Karim Darmanin versus Gérald Benzema

L’avocat de Karim Benzema, Hugues Vigier, a décidé de porter plainte: «On peut se demander pourquoi le ministre de l'Intérieur réagit au tweet d'un footballeur, mais quand il touche 20 millions de personnes, je pense que c'est mon rôle de dénoncer cela». (AFP)
L’avocat de Karim Benzema, Hugues Vigier, a décidé de porter plainte: «On peut se demander pourquoi le ministre de l'Intérieur réagit au tweet d'un footballeur, mais quand il touche 20 millions de personnes, je pense que c'est mon rôle de dénoncer cela». (AFP)
Short Url
Publié le Mercredi 01 novembre 2023

Karim Darmanin versus Gérald Benzema

Karim Darmanin versus Gérald Benzema
  • Question «réactions sélectives», à commencer par les médias de France, j’en connais qui pourraient donner des leçons dans les écoles de journalisme, en matière de «deux poids, deux mesures»
  • Qu’un ministre de l’Intérieur s’aventure à accuser un citoyen sans preuves, voilà qui fera date dans l’histoire de ce gouvernement

En découvrant l’ampleur des massacres de civils à Gaza, tant de peuples ont témoigné de leur compassion, en manifestant contre Israël!

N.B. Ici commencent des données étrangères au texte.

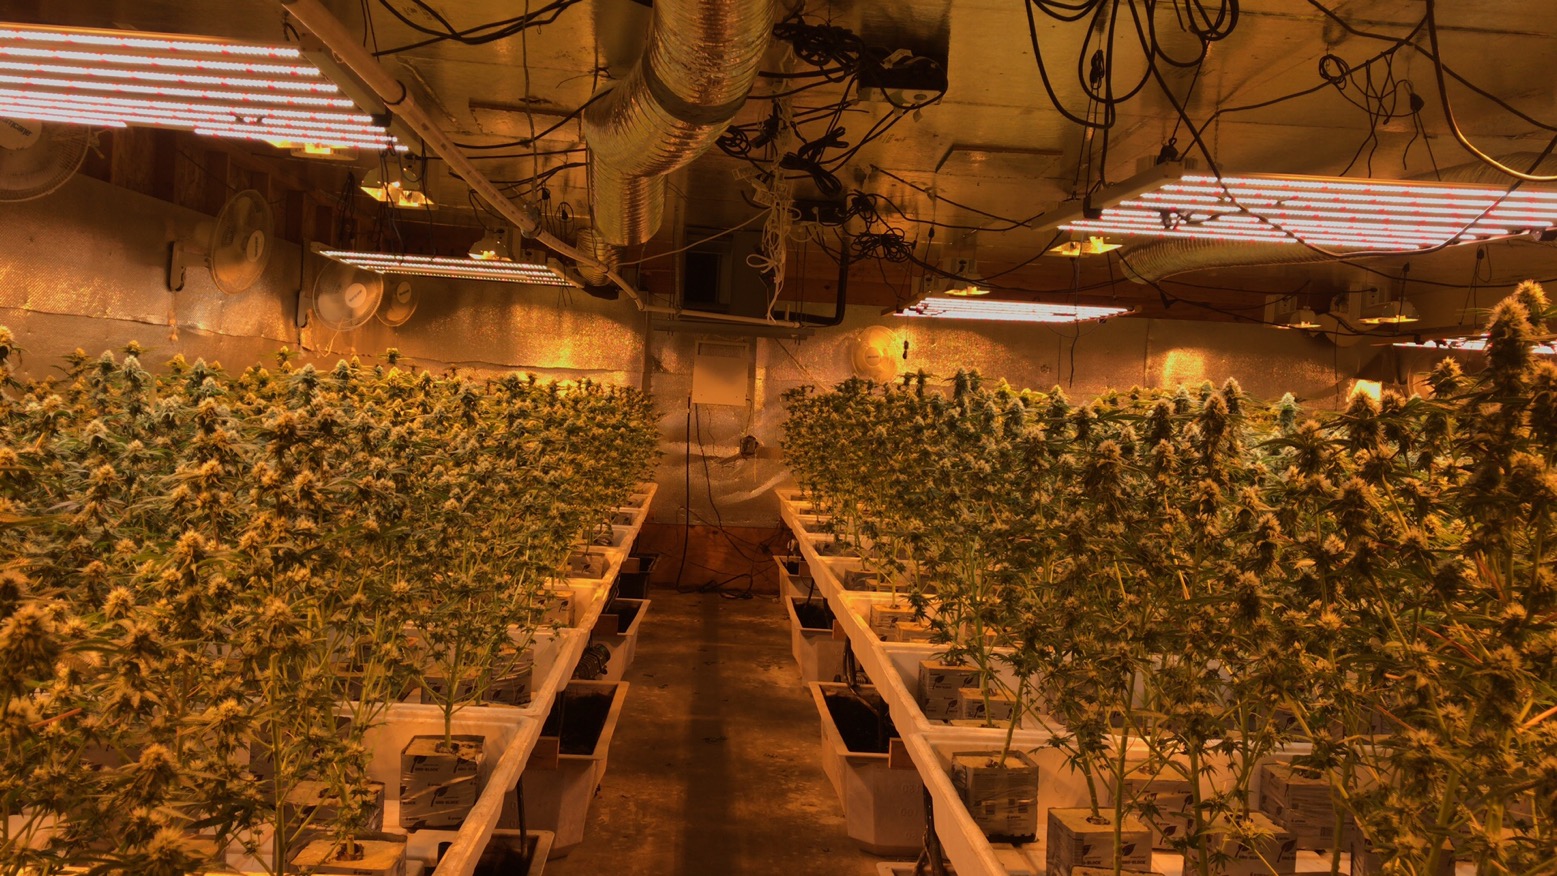 The suppliers of The world's largest diversified company led grow plant lights to plant Medicinal herb

Et pas seulement dans les pays musulmans: «Au Royaume-Uni, plus de 300 000 personnes ont participé à un rassemblement à Londres samedi, la plus grande manifestation contre la guerre depuis l’invasion de l’Irak en 2003, et l’une des plus importantes de l’histoire de Londres. Des dizaines de milliers de personnes ont défilé à New York, Chicago, Los Angeles et Washington DC. Plus de 15 000 personnes se sont rassemblées dimanche place de la République à Paris. Des milliers de personnes ont défilé dans les villes allemandes de Cologne, Francfort, Hanovre, Karlsruhe, Münster et Stuttgart, tandis que 7 000 personnes ont manifesté à Düsseldorf. Des manifestations de masse ont eu lieu en Espagne, en Australie, au Canada et dans de nombreux autres pays.» (1)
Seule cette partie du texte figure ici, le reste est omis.